È questo uno dei significati più interessanti dei cambiamenti e delle trasformazioni oggi in atto nella scuola italiana!     

La seconda considerazione che vorrei esprimere è questa: - La progettazione e il territorio, oltre che esprimere due logiche tipiche della società ipercomplessa, a legame ricorsivo e non più lineare, come ci ricorda Edgar Morin, rappresentano due essenziali riferimenti procedurali da cui non è possibile prescindere da parte di chi voglia esaminare, per cercare di capirlo, i difficili meccanismi e gli intrecci operanti nel “pianeta scuola”. 

Qui i riferimenti concettuali sono due:

q       da un lato, facciamo riferimento al modello-concetto di “curriculum” delle Istituzioni scolastiche, che finalmente, con l’autonomia, ci fa superare tutte quelle contraddizioni che insorgevano al suo richiamo, quando, come faceva tra gli anni settanta e ottanta Cesare Scurati, si era costretti necessariamente a coniugarlo con i Programmi unici nazionali dei vari ordini di scuola;

q       da un altro lato ci riferiamo alla necessità della diversificazione dell’attività formativa ed all’esigenza del conseguente decentramento dell’organizzazione scolastica, su di un territorio omogeneo, la cui configurazione a livello comprensoriale o sub-provinciale non dovrà in alcun modo comportare chiusure  o limitazioni, ma, paradossalmente, espansioni ed amplificazioni dei suoi tratti, entro le dimensioni nazionali ed internazionali, nel rispetto della propria identità culturale. 

Va ricordato che il Regolamento, posto alla base dell’autonomia delle Istituzioni scolastiche ed adottato con il DPR 8 marzo 1999, n° 275,  declina il curricolo in termini sì di territorialità, ma anche di flessibilità e di espansibilità e struttura il curricolo obbligatorio secondo una quota nazionale ed una locale, prevedendo, ove necessario, compensazioni ed integrazioni ed introducendo un curricolo aggiuntivo «definito - precisa il comma cinque dell’articolo otto – anche attraverso un’integrazione tra sistemi formativi, sulla base di accordi con le regioni e gli enti locali…», ma anche con le famiglie, le associazioni e gli enti sia del territorio che nazionali ed internazionali.

Le possibilità operative che il curricolo integrato  offre sono di portata notevole e fanno prefigurare interessanti, ulteriori sviluppi.
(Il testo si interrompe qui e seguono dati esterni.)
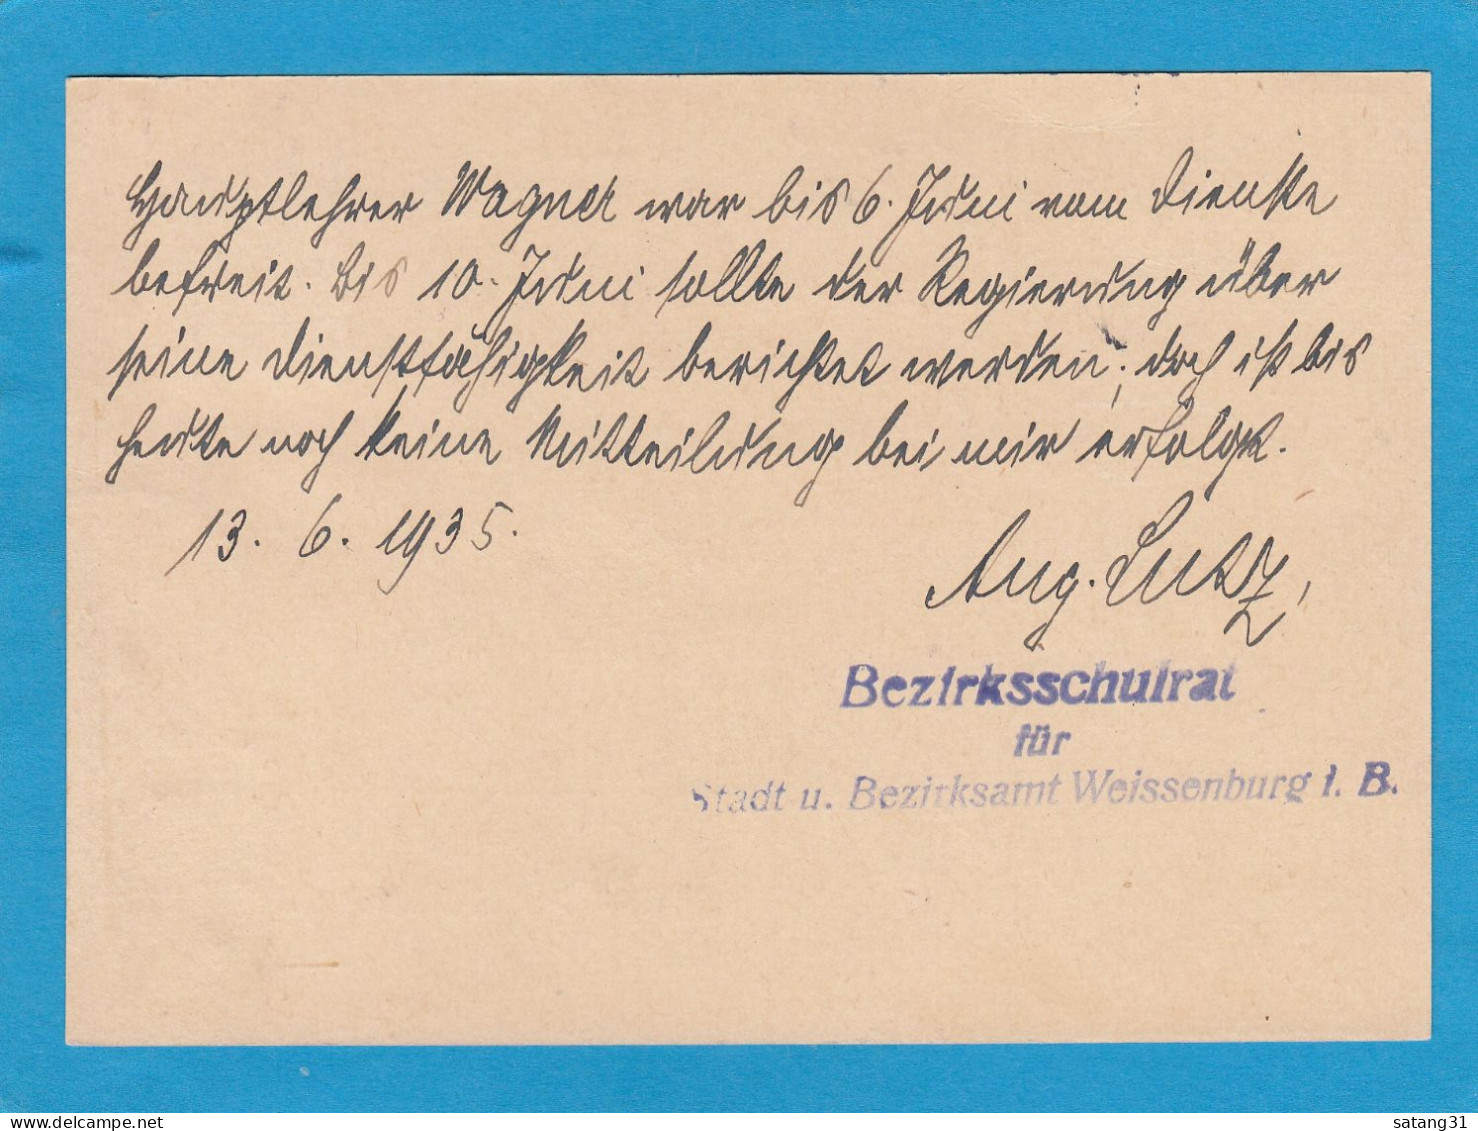 POSTKARTE VOM BEZIRKSSCHULRAT AUS WEISSENBURG NACH TREUCHTLINGEN,1935. - Officials

In particolare, se ne possono evidenziare almeno tre fondamentali:

1.            la convergenza di obiettivi formativi e  di strategie didattiche  con i modelli che stanno alla base delle relazioni umane e sociali e che comunemente vengono adottati nel contesto socioculturale; il che vuol affermare la garanzia a che i contenuti dell’insegnamento siano rispondenti ai valori condivisi nel ”sistema simbolico culturale”,  in un determinato tempo e spazio;

2.            il superamento della chiusura e dell’autoreferenzialità che ogni sistema scolastico tende, suo malgrado, a realizzare, quando in esso la territorialità, che pure è un valore, si restringe troppo, perdendo in estensione più globalizzante;

3.            il potenziamento – qualitativo ed intensivo – della comunicazione e della interazione tra le parti, dal momento che la messa in azione di un curricolo integrato comporta necessariamente un infittimento della rete di relazionalità tra i soggetti che gestiscono la formazione e tra le diverse agenzie del sociale, favorendo, ma anche talvolta rallentando, gli stessi scambi socio-produttivi in una comunità sempre più on line.

Entro queste particolari dimensioni la nostra scuola è ancora tutta da costruire!

Con la terza  considerazione vorrei richiamare nel discorso progettuale l’impianto dei valori socio-culturali e delle “grandi” finalità educative del nostro tempo: la progettualità e la territorialità possono diventare, senza troppa enfasi, due riferimenti assiologici e valoriali, indispensabili per poter organizzare il nostro modo di concepire l’educazione dell’uomo.

 In questo senso i due riferimenti – progettualità e territorialità - assumono una rilevante e ben chiara valenza formativa  perché si connettono, sul piano dei fini, a due significati che debbono caratterizzare ogni Piano di offerta formativa, che le Istituzioni scolastiche ormai vanno predisponendo con sempre maggiori competenza ed efficacia, tenendo conto delle logiche prima richiamate.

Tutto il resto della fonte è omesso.